Эдик был первоклассным портным. Шил концертные платья известным певицам. Попасть в число его клиенток было невероятно трудно, несмотря на баснословную стоимость шитья. Надо сказать, оно того стоило. Веронике, когда она уезжала работать в Алжир, удалось через Никыча, бывшего близким приятелем Эдика, упросить сшить ей два выходных платья. Оба платья были простого кроя, но изысканно элегантны. По словам Вероники, дамы в русской колонии в Алжире обзавидовались и не верили, что платья сшиты в Москве, а не в Париже.

Эдик, надо думать, неплохо зарабатывал. Семья жила на широкую ногу, часто устраивались большие приёмы для артистов. Эдик хорошо готовил, в ходу была грузинская кухня. Коронное блюдо – индейка в ореховом соусе. У них перебывал весь Театр на Таганке. Так продолжалось довольно долго, а потом случилось несчастье – у Эдика, по-видимому, развилась болезнь Альцгеймера. Он постепенно терял профессиональные навыки, клиенток. Работать уже не мог. Они с женой стали жить на скромную пенсию, и теперь для гостей был только чай, а к нему – сушки. Естественно, они тут же были забыты теми, кто раньше беззастенчиво пользовался их гостеприимством. Хуже всего было то, что Эдик переродился в другого человека. По словам Никыча, изредка бывавшего у них, Эдик стал желчным, злобным типом, постоянно терроризировавшим больную жену. Конец несчастной жизни положила машина, сбившая Эдика, когда тот перебегал улицу в неположенном месте. Уже давным-давно не было в живых Кришки, но, вспоминая его непонятную и, казалось, неоправданную неприязнь к Эдикам, я думала: «Неужели этот пёсик каким-то своим собачьим чутьём чувствовал скрытую ото всех тёмную сторону натуры Эдика, которая проявилась годы и годы спустя?»

Я прожила у Евгении Адольфовны зиму 1963/64 года. Она была в курсе моей личной жизни и старалась оберегать меня от опрометчивых шагов. Я несказанно была благодарна ей за всё, за всё, за крышу над головой и заботу. По сути, эта святая женщина, дав мне кров, спасла меня, бесприютную. Однако образ жизни Адолевны был таков, что я постоянно не высыпалась и уже стала страдать сильными головными болями. Тут подвернулась комната, плату за которую, прожив месяц, не смогла более осилить Вероника. Первое время в новом жилье я просто отсыпалась при каждой возможности.

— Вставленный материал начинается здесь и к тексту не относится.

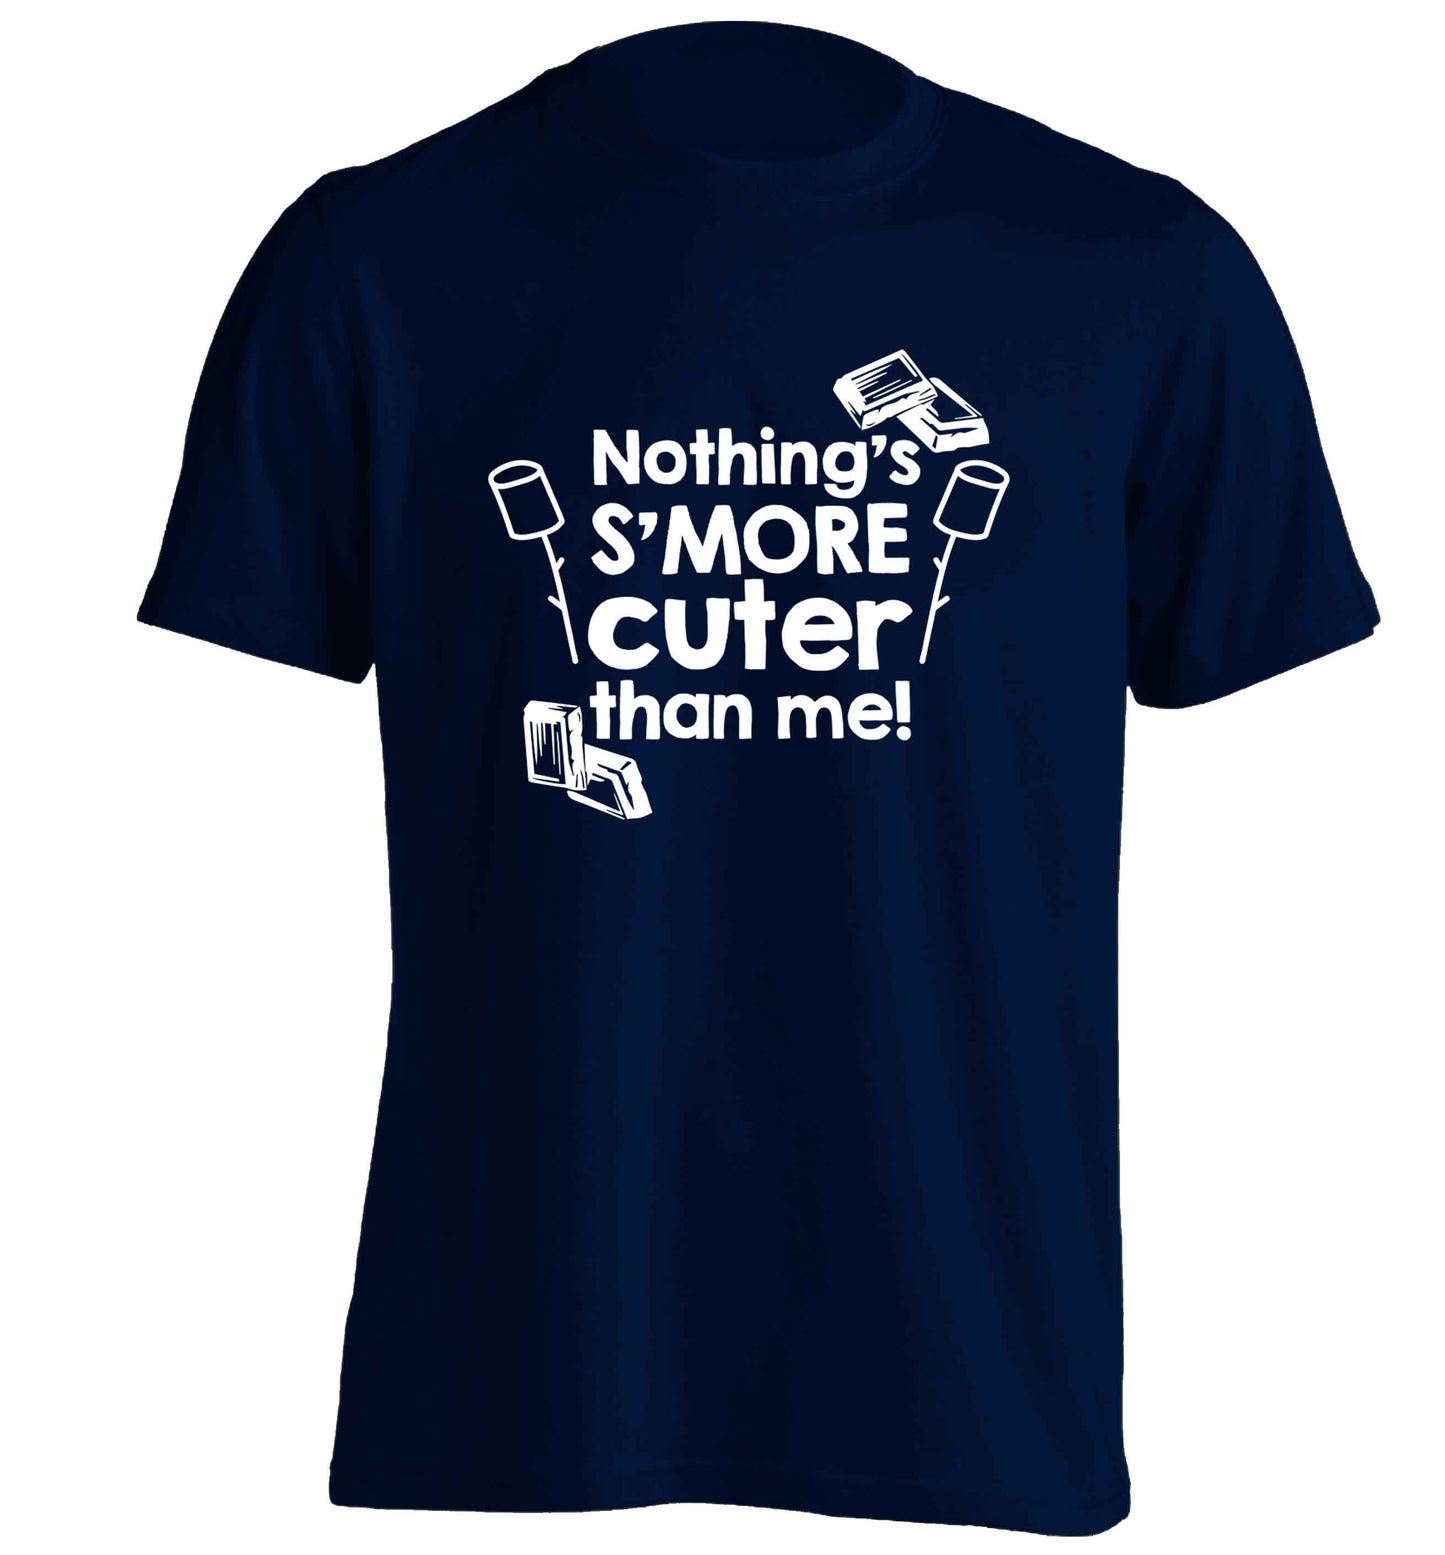 Nothing's s'more cuter than me! adults unisex navy Tshirt 2XL

Комната была на 11-й Парковой улице, в десяти минутах ходьбы от метро «Щелковская». В те времена от метро начинался Сиреневый бульвар, засаженный сиренью. Напротив Парковых улиц через Щёлковское шоссе были поля, заросшие травой, тянувшиеся до лесного массива Лосиного Острова. Начиная с мая у метро с шести утра стояла бочка со свежим молоком, которое привозили из ближайшего совхоза. Пробегая мимо по дороге на работу, не успевшая позавтракать, я выпивала бумажный стаканчик холодного-холодного очень вкусного молока и спускалась в метро. А сейчас такая толкотня вокруг этого метро! Конечно, никакой сирени давно нет. Автовокзал и домá, домá до самого Лосиного Острова, автострада… И толпы народа…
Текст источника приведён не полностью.